Comments on Commentary

Some rabbis have suggested that the Genesis 5:3 statement that Seth was in “Adam’s likeness: hints at Genesis 6’s world of weird angel/hybrid creatures.

Adam himself is TECHNICALLY not “just a human,” being born of dirt and spirit.

ויולד בדמותו כצלמו, “he begot a son in his likeness in his image;” the emphasis on this is to show us that anything he begot during the previous 129 years were only creatures that did not reflect his likeness or image, i.e. disembodied spirits, mostly מזיקים, injurious, destructive spirits. (Compare 3,20)
Chizkuni on Genesis 5:3

BUT.

Other rabbis in the Midrash have said that being “in Adam’s likeness” meant that he was… born circumcised.

He was righteous (Gen. 6:9).
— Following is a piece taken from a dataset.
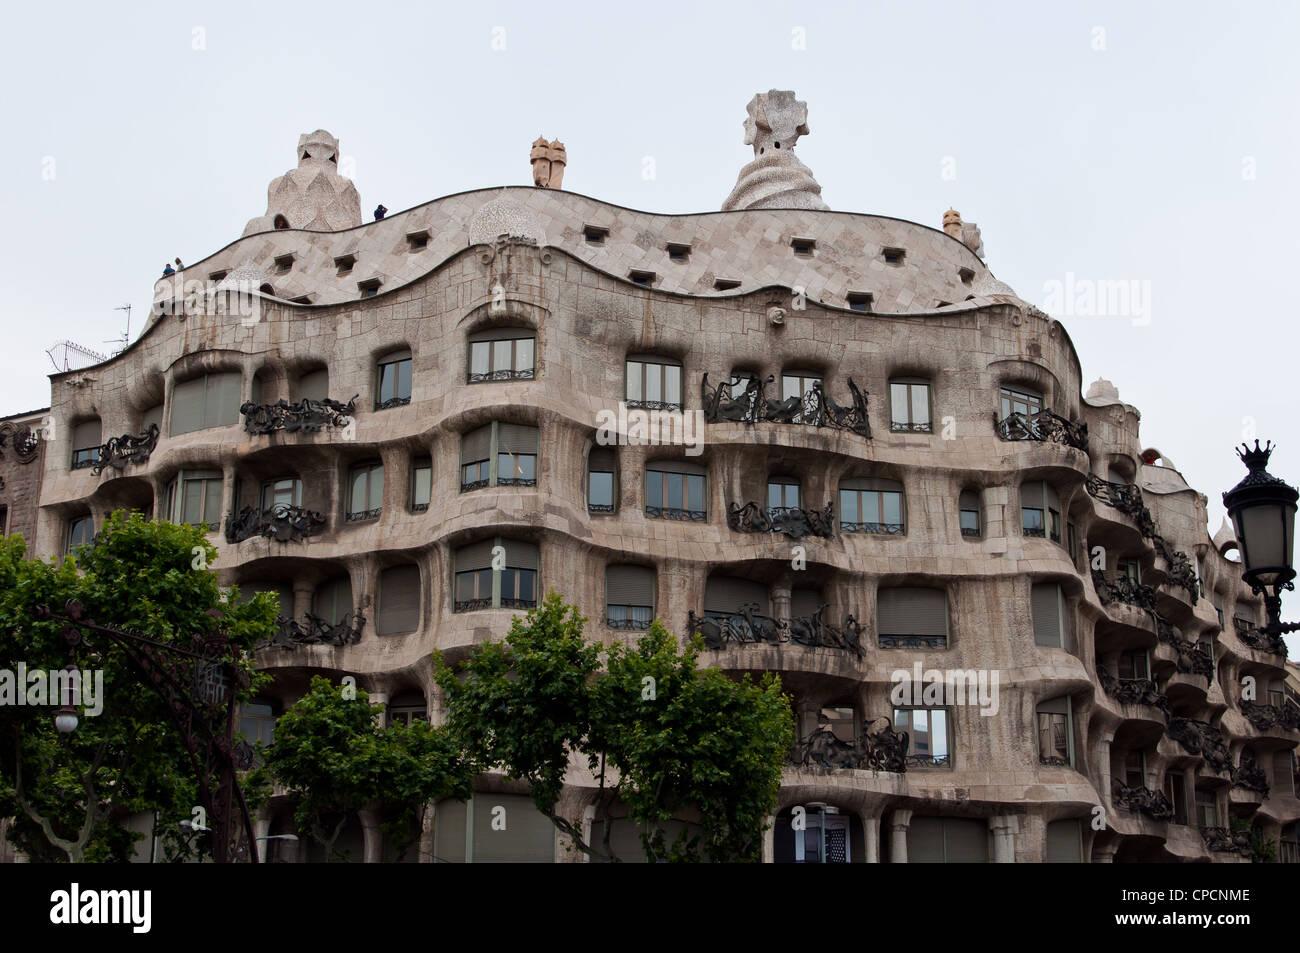 Casa mil la pedrera masterpiece of antoni gaudi barcelona stock photo royalty free image - Casa la pedrera gaudi ...
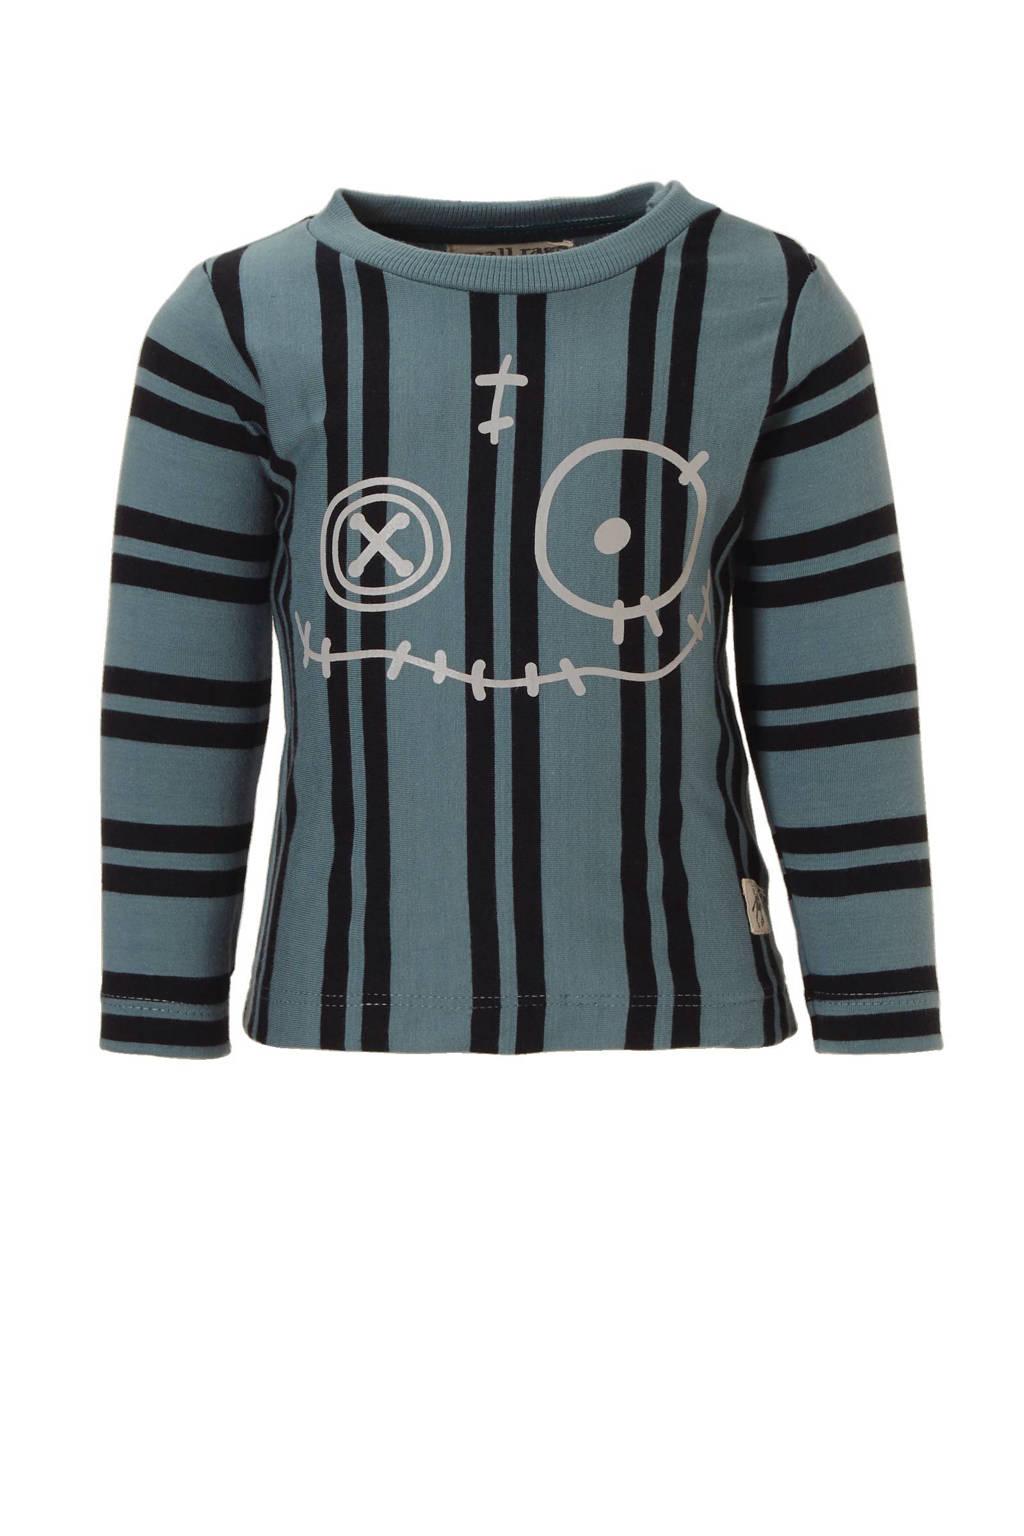 Small Rags T-shirt Hubert, Grijsblauw/ zwart/ grijs

This suggests that he was one of the seven men born circumcised. Adam and his son Seth were born circumcised, as it is written: He begot a son in his own likeness after his image, and he called him Seth (Gen. 5:3).
Midrash Tanchuma on Genesis 5:3

Which is, by the way, NOT ANY WEIRDER THAN ANGEL/HUMAN MONSTER BABIES.

So, always take commentary with a grain of salt. Even mine.

Divine Parables

If you believe in divine parables, you may believe that God took humanity’s own stories of creation and led his people to change those stories by overwriting them with God’s own name, just like King David took Canaanite songs and swapped the names of the gods to “convert” it for his people.

I say this because many of the “mythical” stories (Creation, the angels/human hybrids, the flood) all exist in other ancient cultures, and there’s no reason God could not have said “this is something you believe to be true, but I’m going to change it so you can know who I am.”

Paul did this same thing with shrine of the “unknown God” of the people of Athens in Acts 17.

God is perfectly capable of taking our myths and converting them into stories about Himself, and quite frankly, this is far more interesting to me than an “accurate” story that lacks a theological message.

There’s something special about taking our misbeliefs about the world, and having God show us that he is greater than the stories we believe.

“You believe monsters? Well God beat all those monsters!”

God uses our stories to reveal himself. That seems more personal… and more powerful.

A Hint of the Nephilim

When Adam had lived 130 years, he fathered a son in his own likeness, according to his image, and named him Seth.
Genesis 5:3 (NASB)

Genesis 5 says his image about Seth, and nobody else.

The Rabbis wondered about this and suggest that Adam and Eve may have had other offspring after Cain and Abel, before Seth. These offspring were… different. Not like Adam. Something monstrous.

This points to the Nephilim in Genesis 6.